**The data**
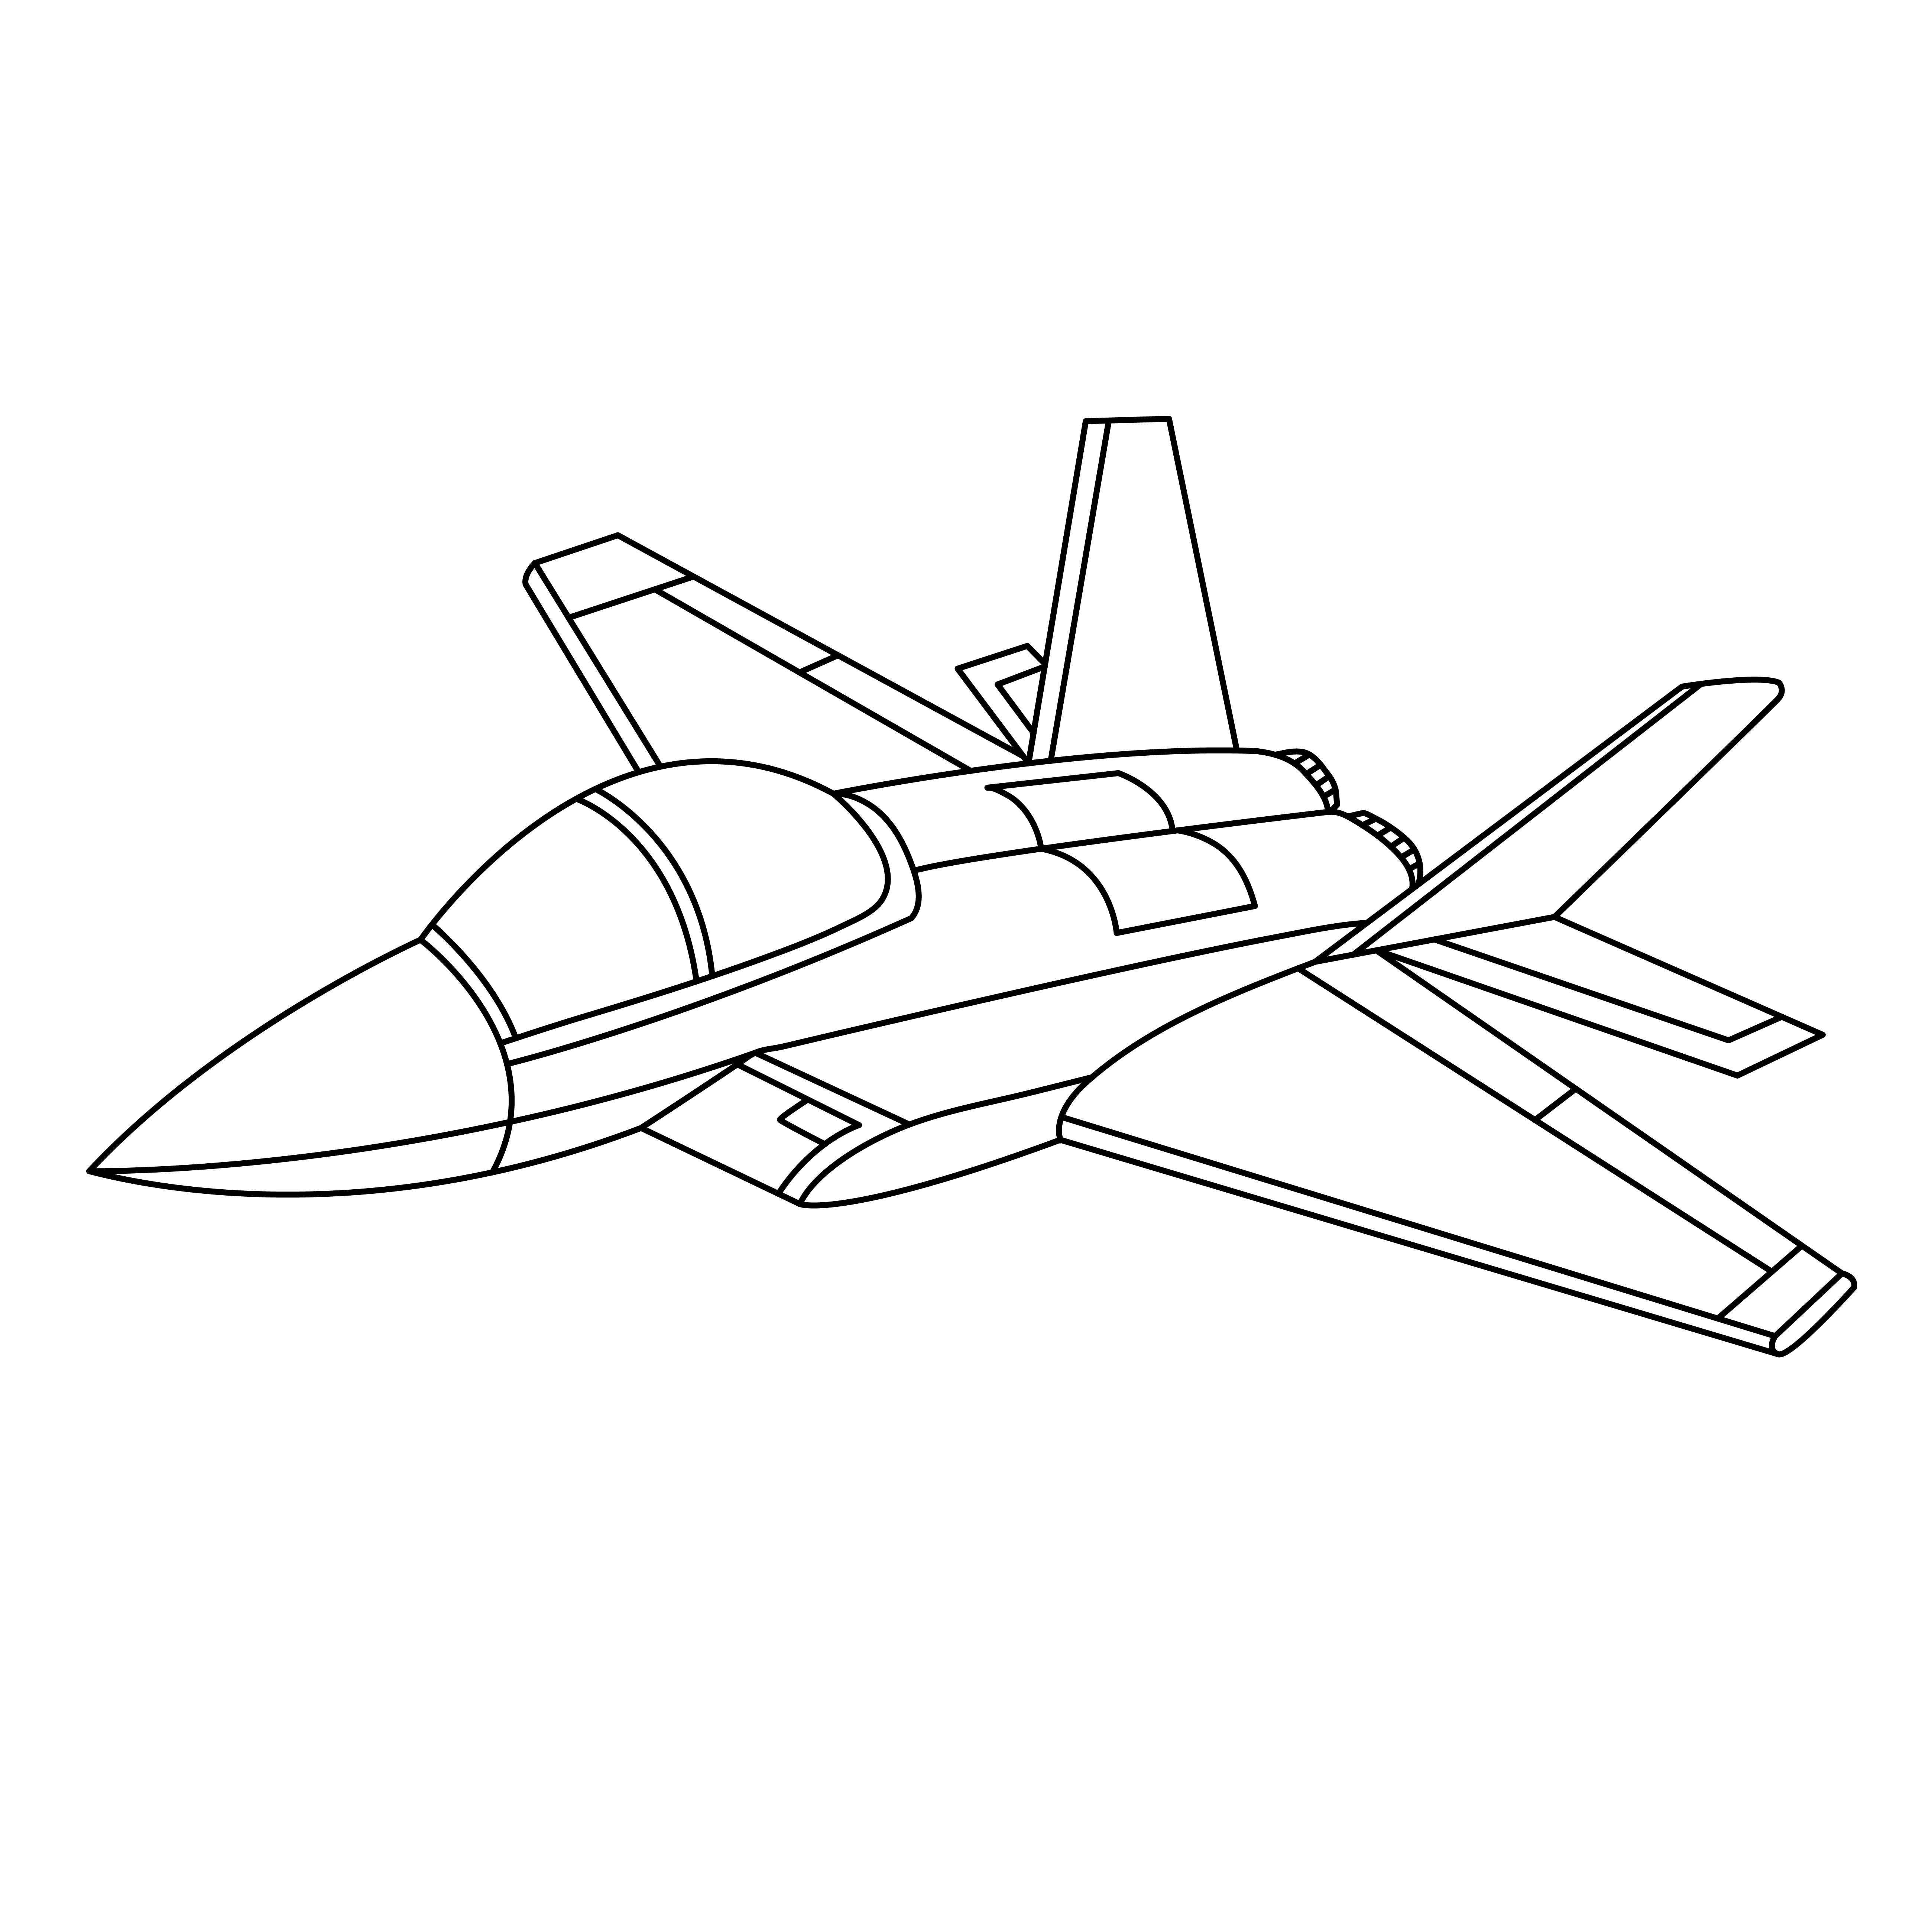 Раскраска истребитель «Авиационный охотник» формата А4 в высоком качестве
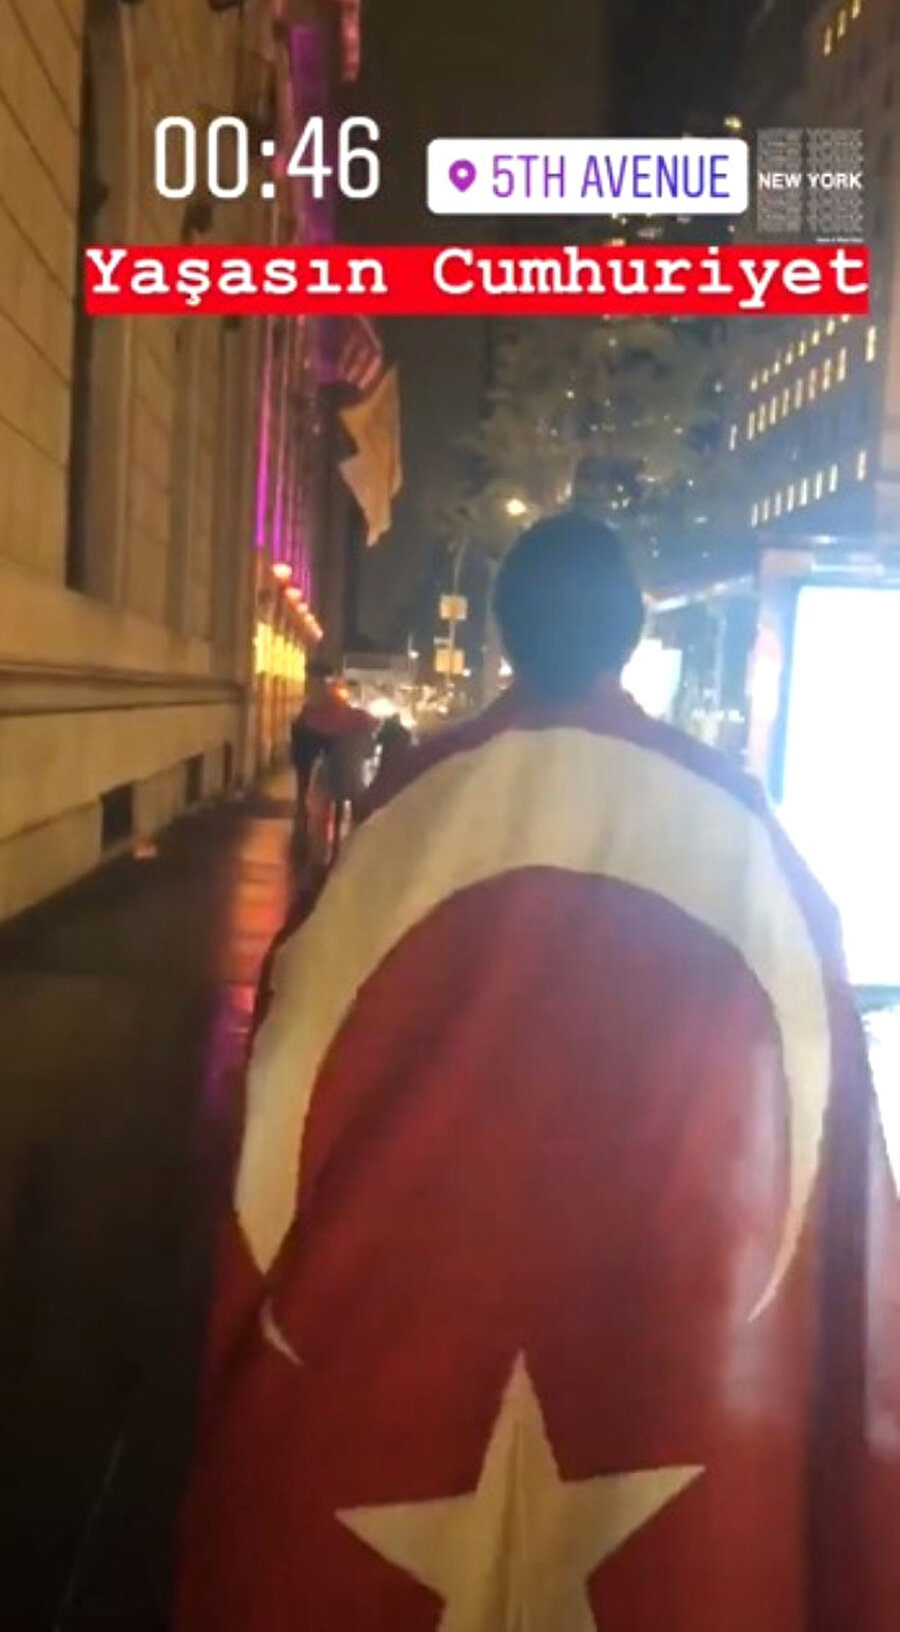  "Yaşasın Cumhuriyet" 
Sosyal medyayı aktif kullanan ünlüler arasında yer alan Nusret Gökçe, omzuna astığı Türk bayrağıyla New York sokaklarında yürüyerek bu anları "Yaşasın Cumhuriyet" notuyla sosyal medya hesabından paylaştı.
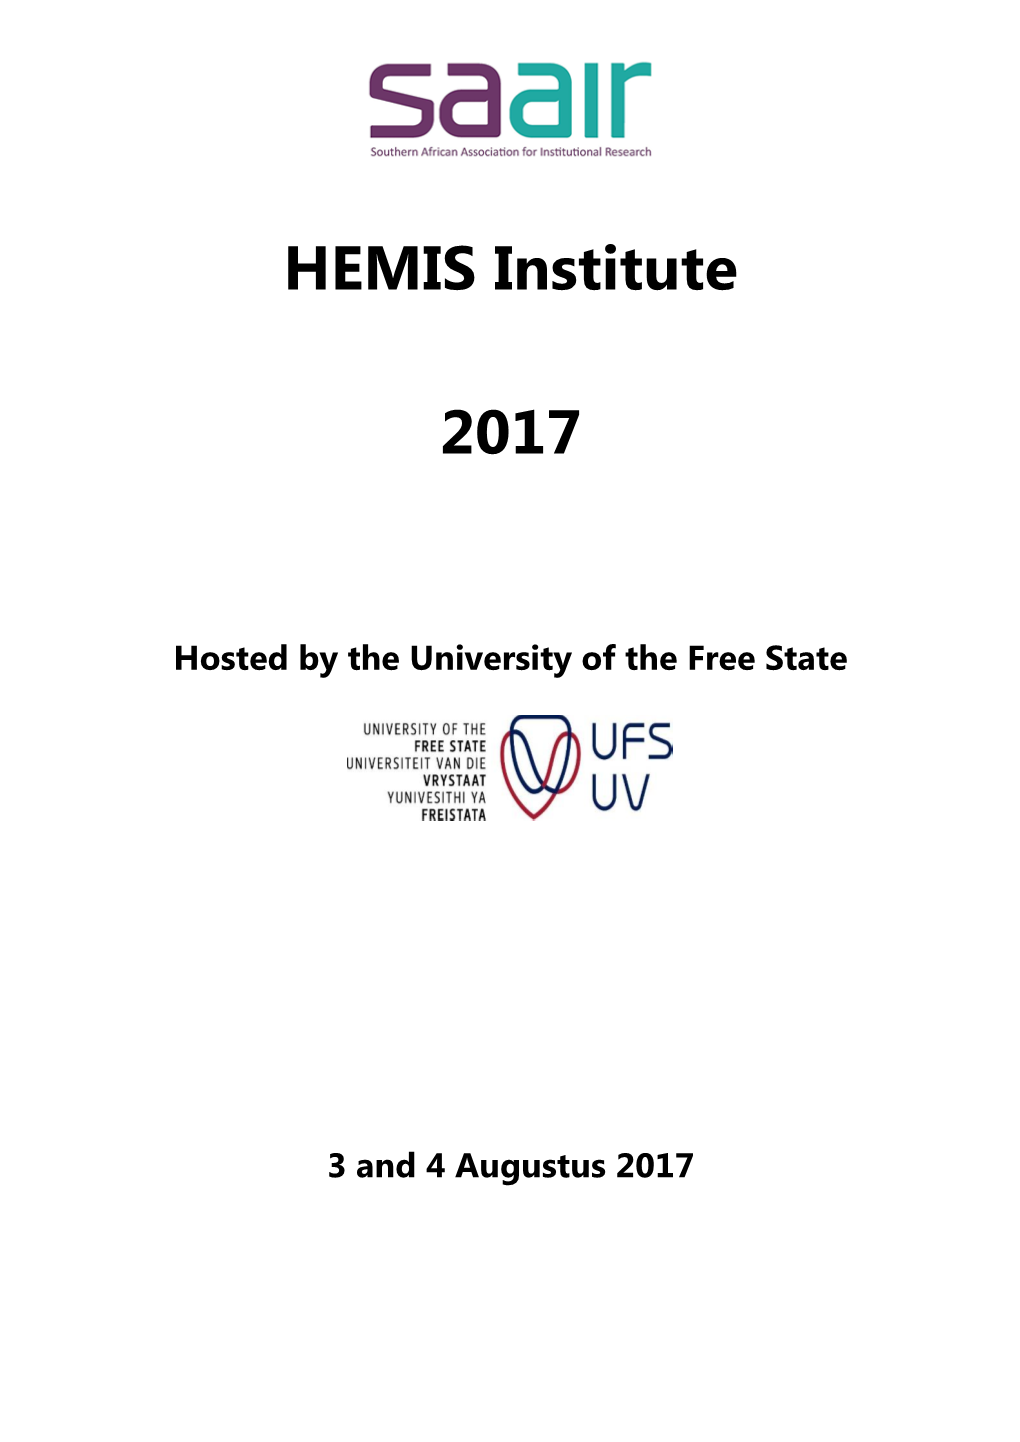 HEMIS Institute 2017

**Exercise requirements**
Since the pictures are not wanted, give the material again exactly without them.

**Result below**
 Раскраска истребитель «Авиационный охотник» формата А4 в высоком качестве
  "Yaşasın Cumhuriyet" 
Sosyal medyayı aktif kullanan ünlüler arasında yer alan Nusret Gökçe, omzuna astığı Türk bayrağıyla New York sokaklarında yürüyerek bu anları "Yaşasın Cumhuriyet" notuyla sosyal medya hesabından paylaştı.
 HEMIS Institute 2017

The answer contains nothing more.